*** Entries supplied Section Begins ***

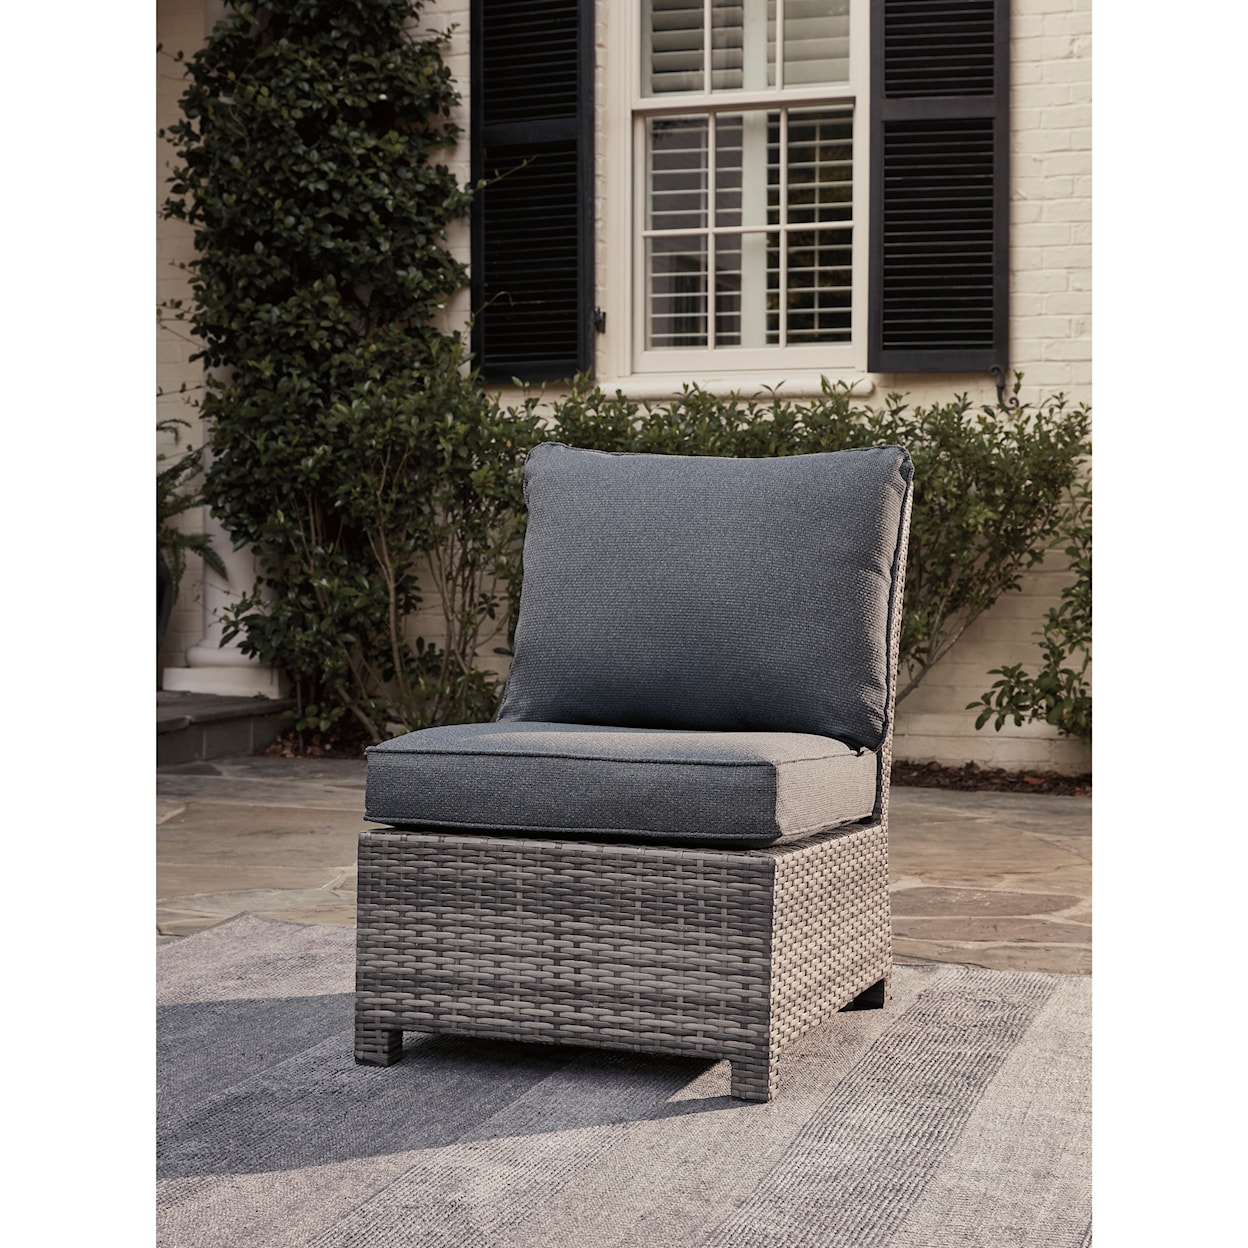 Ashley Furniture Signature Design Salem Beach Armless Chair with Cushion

*** Entries supplied Section Ends ***
*** Entries supplied Section Begins ***

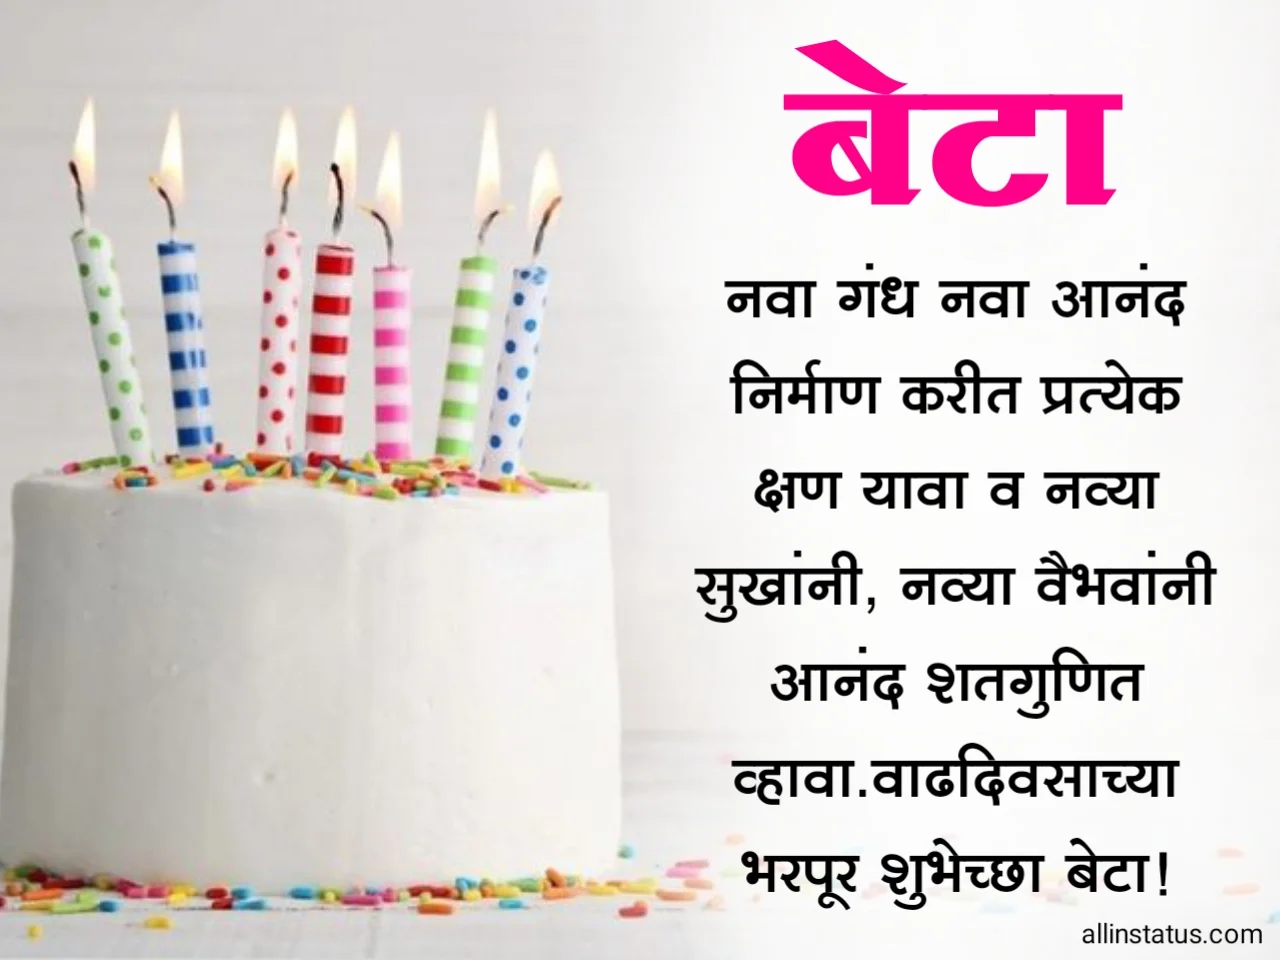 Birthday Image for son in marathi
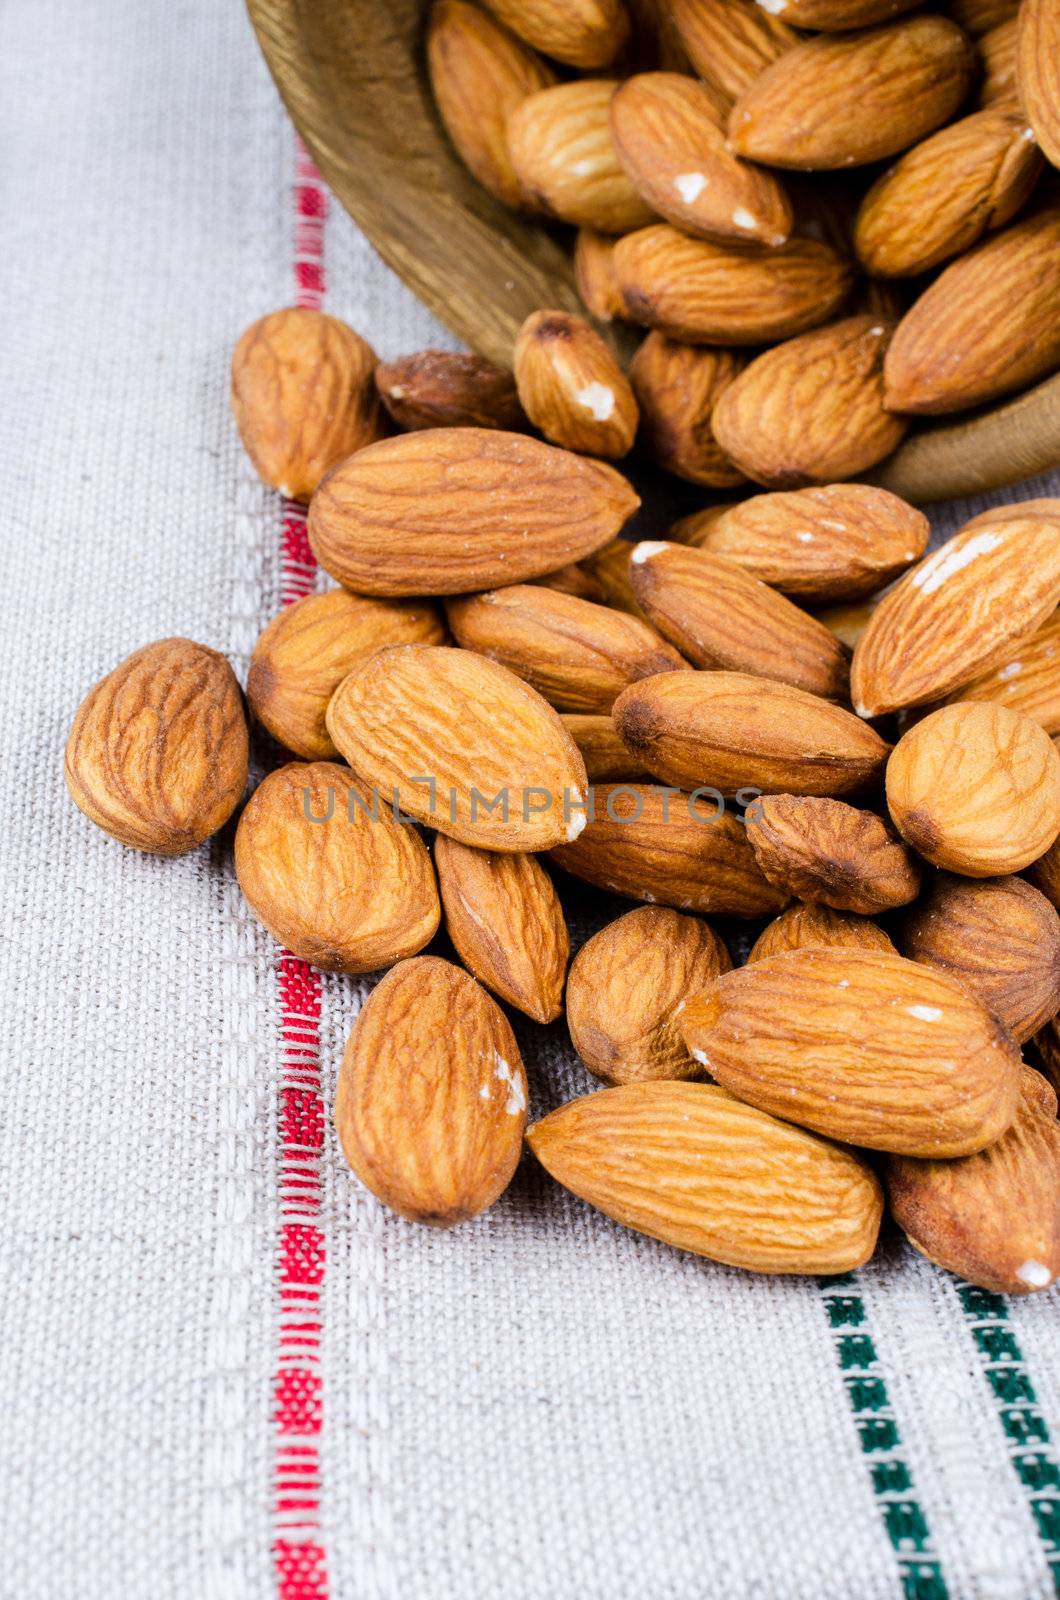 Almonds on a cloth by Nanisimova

*** Entries supplied Section Ends ***

What you need to do:
Retype, exactly and with no pictures, everything above from the line with "Birthday Image for son in marathi" down to the line with "Almonds on a cloth by Nanisimova", both included.

Answer area:
 Birthday Image for son in marathi
 Almonds on a cloth by Nanisimova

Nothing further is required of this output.